= Organic organisation =

A term created by Tom Burns and G.M. Stalker in the late 1950s, organic organizations (Organic system theory), unlike mechanistic organizations (also coined by Burns and Stalker), are flexible and value external knowledge. The theories of Burns and Stalker impacted the field of organization theory, with their study of management and structure of Scottish electronics firms. In their writing contrasting mechanistic and organismic structures, they outlined the differences between the two types.

Also called organismic organization, this form of organizational structure was widely sought and proposed, but difficult to prove it exists. As opposed to the mechanistic organization, it has the least hierarchy and specialization of functions. For an organization to be organic, the participants or workers should have equal levels, with no job descriptions or classifications, and communication should have a hub-network-like form.
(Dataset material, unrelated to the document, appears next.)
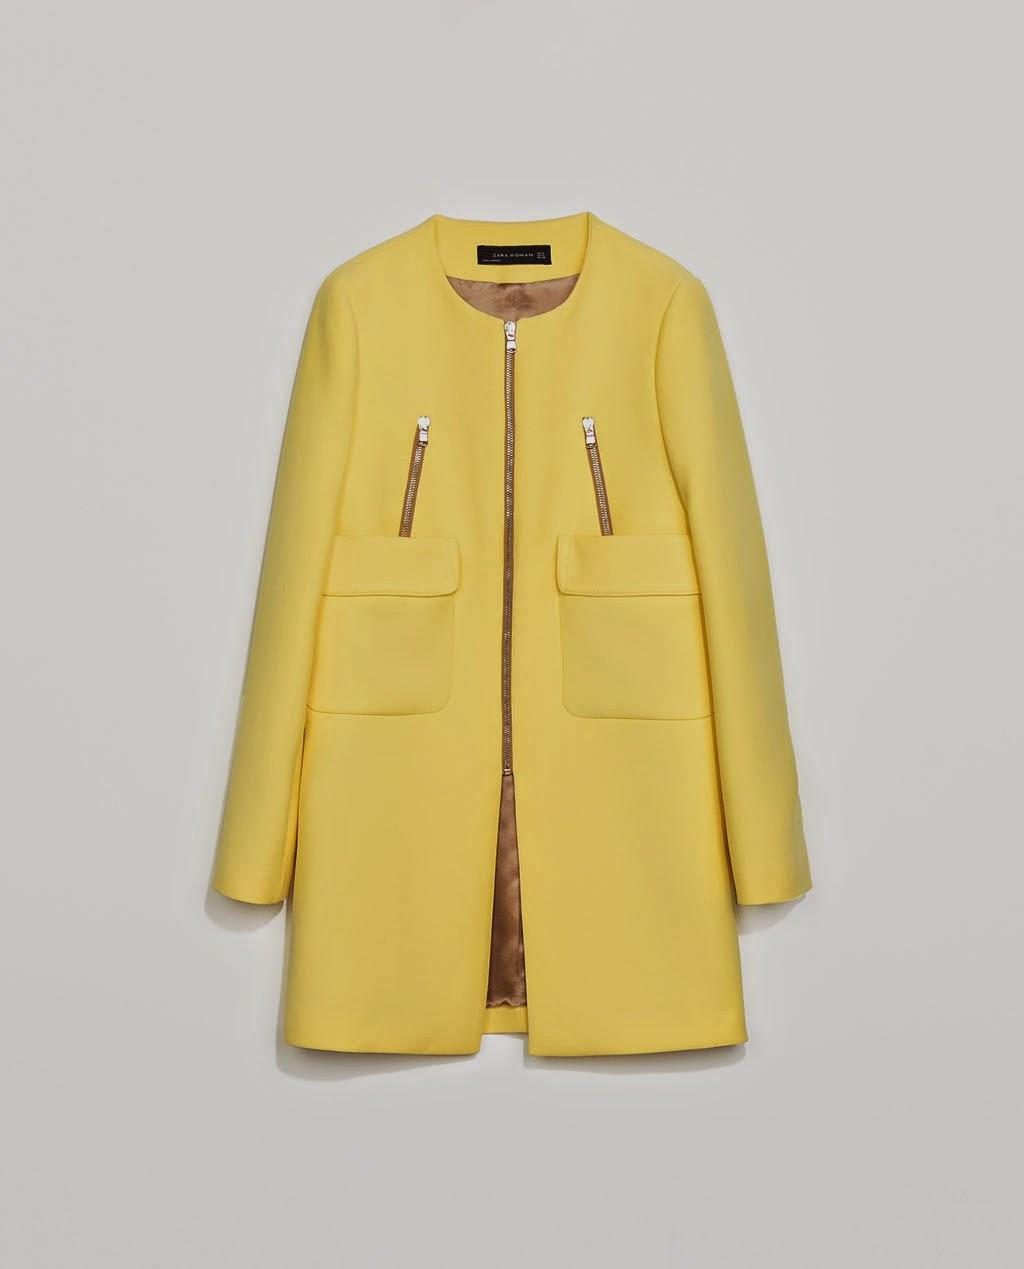 Yellow coat from Zara

Organic organisation thrives on the power of personalities and relationships, lack of rigid procedures and communication, and can react quickly and easily to changes in the environment, thus it is said to be the most adaptive form of organization. Decisions arise from the needs felt by individuals in the group, who propose changes to the group, either by discussion or by changing behavior or operations without discussion. The rest of the individuals in the group adapt to the changes as they need to. The weakness of the model is that it requires co-operation and constant adjustment from all the members.

An organic organization is a fluid and flexible network of multi-talented individuals who perform a variety of tasks, as per the definition of D. A. Morand.

==Organic Organization Leads to Teamwork==
An organic organization exists dependently, meaning that the organization takes into consideration the needs of their employees, leading to group leadership and teamwork. The advantage of group leadership is that controlling the environment is shared by several people, instead of one person telling everyone what is expected. Organic organizations take into consideration the ideas of the employees, opening the doors to teamwork among employees, instead of competition or a feeling of powerlessness. The use of Organic Organizations is thought to provide incentive to employees to co-operate and perform to the best of their abilities.

Burns and Stalker theorized that companies facing a changing environment may have to use an organic organizational structure in order to quickly adapt to changes. These companies have a de-centralized decision making structure to facilitate quickly adapting to changes in the market place. Companies operating in a stable environment would benefit from maintaining a mechanistic organizational structure, where policies are made that stay the same for a long period of time, decision making is centralized around a few people and tasks remain the same.

Christianity has been influenced by the organic organisation movement, rejecting hierarchy, ritual and even church owned real estate. House churches and simple churches have sprung up often influenced by Neil Cole, Frank Viola and George Barna.